Plaintiff's Employment Evaluations

In 1993 and each of the following years, Plaintiff received an employee evaluation. Some of these evaluations were favorable, particularly during the early years. For example, between 1993 and 1998, the evaluations gave Plaintiff either an above average (Def. Ex. 17) or average (Def. Ex. 19) rating, or showed that he usually met or exceeded the expectations for his various job responsibilities (Def. Exs. 20, 21, 23, 25). While the metrics and terminology in the evaluations changed over the years, Plaintiff continued to receive generally favorable evaluations throughout his third tenure at SGHS.

See Def. Exs. 30 (March 1999, "Competent"), 31 (May 1999, "Commendable"), 33 (December 1999, "Commendable"), 35 (December 2000, "Competent"), 38 (December 2001, "Commendable"). From 2003 to 2011, Plaintiff received overall "quality" performance ratings. See Def. Exs. 40, 42, 46, 48, 50, 53, 55, 61, 64.

These evaluations also noted areas in which Plaintiff could improve, and included comments such as "Is frequently late" (Def. Ex. 17), "Needs to correct his tardiness and refrain from anything around the patients that is not associated with their well-being" (Def. Ex. 21), "Too many tardies!" (Def. Ex. 23), and "Work on punctuality" (Def. Ex. 48). Some of the later evaluations began to note that Plaintiff did not always work well with others, particularly in that he "doesn't always treat others fairly. He tends to be moody, and argumentative with others in the department" (Def. Ex. 53); that he is "argumentative and attitudinal" (Def. Ex. 55); that he needs improvement in the area of "Interacts with team members to help promote good working relationships" (Def. Ex. 56); and that Plaintiff "still marches to the beat of his own drum" and is "occasionally direct on important issues and that can be construed as not being courteous" (Def. Ex. 51).
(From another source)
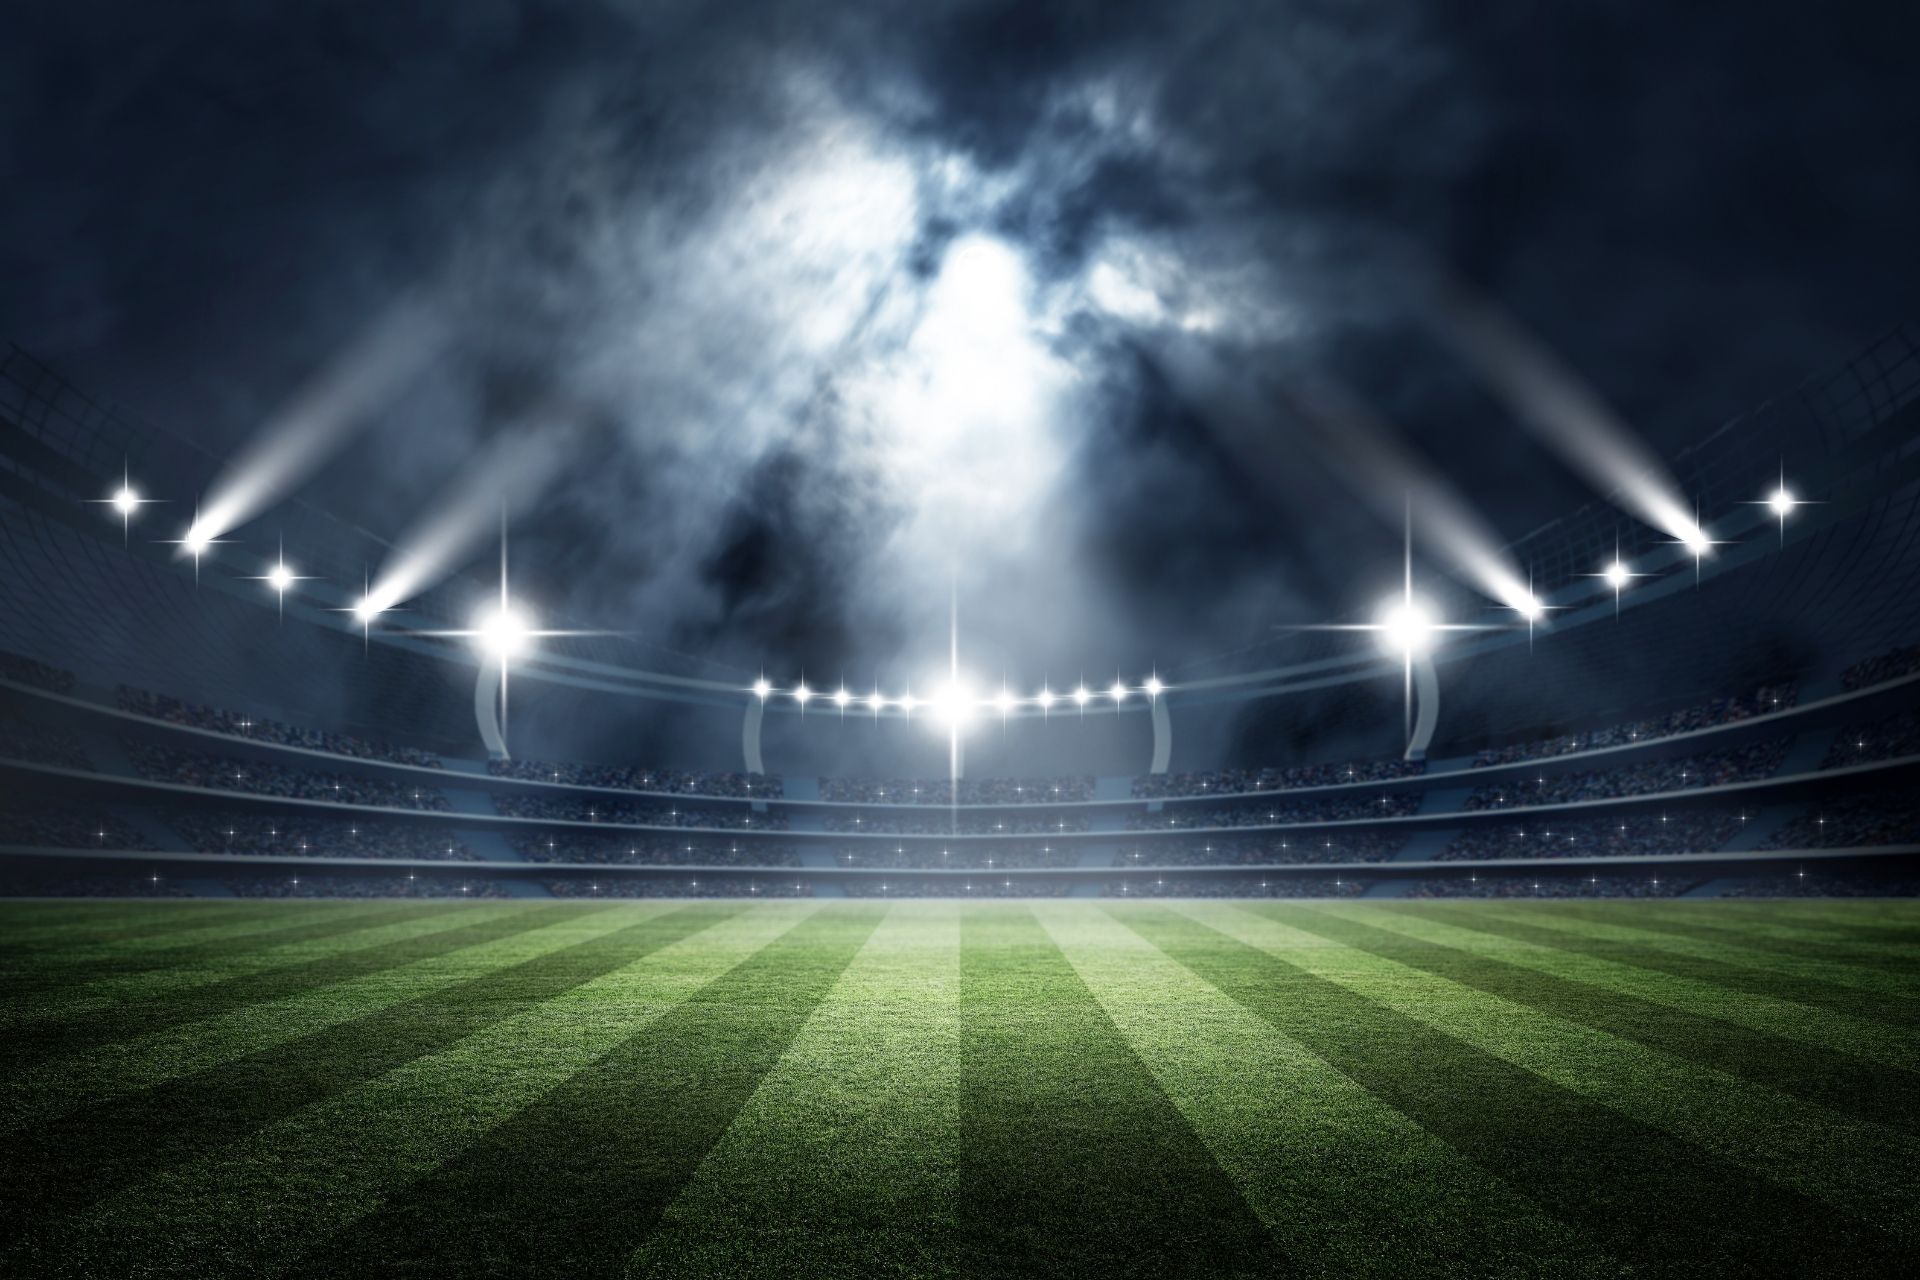 Mecz między Osasuna oraz Valladolid dnia 2022-10-30 13:00 na stadionie Estadio El Sadar - końcowy wynik 2-0

Another Employee's Offensive Comments

The record shows that one of Plaintiff's coworkers, Fran Trahan ("Trahan"), at one point made offensive comments to Plaintiff. She referred to Plaintiff, and other transporters, as "you people" and told them to "kiss her rear end" and "get the hell out of here." Pl. Dep., 293:21-23, 294:12, 296:25-297:12. Plaintiff admits that Trahan was eventually disciplined for her comments. Pl. Dep., 296:7-10. Trahan was counseled in August 2010 for her abusive comments, and was later issued a written warning in December, 2010. Thomas Decl., ¶ 12. Under the written warning, Trahan was placed on a 90-day Performance Improvement Plan, which Trahan completed. Id. Stanford "Tripp" Stephens ("Stephens"), who became Trahan's manager in 2012, is not aware of any complaints regarding Trahan since he became manager. Dkt. No. 36 ("Stephens Dep."), 7:12-9:4, 21:9-17.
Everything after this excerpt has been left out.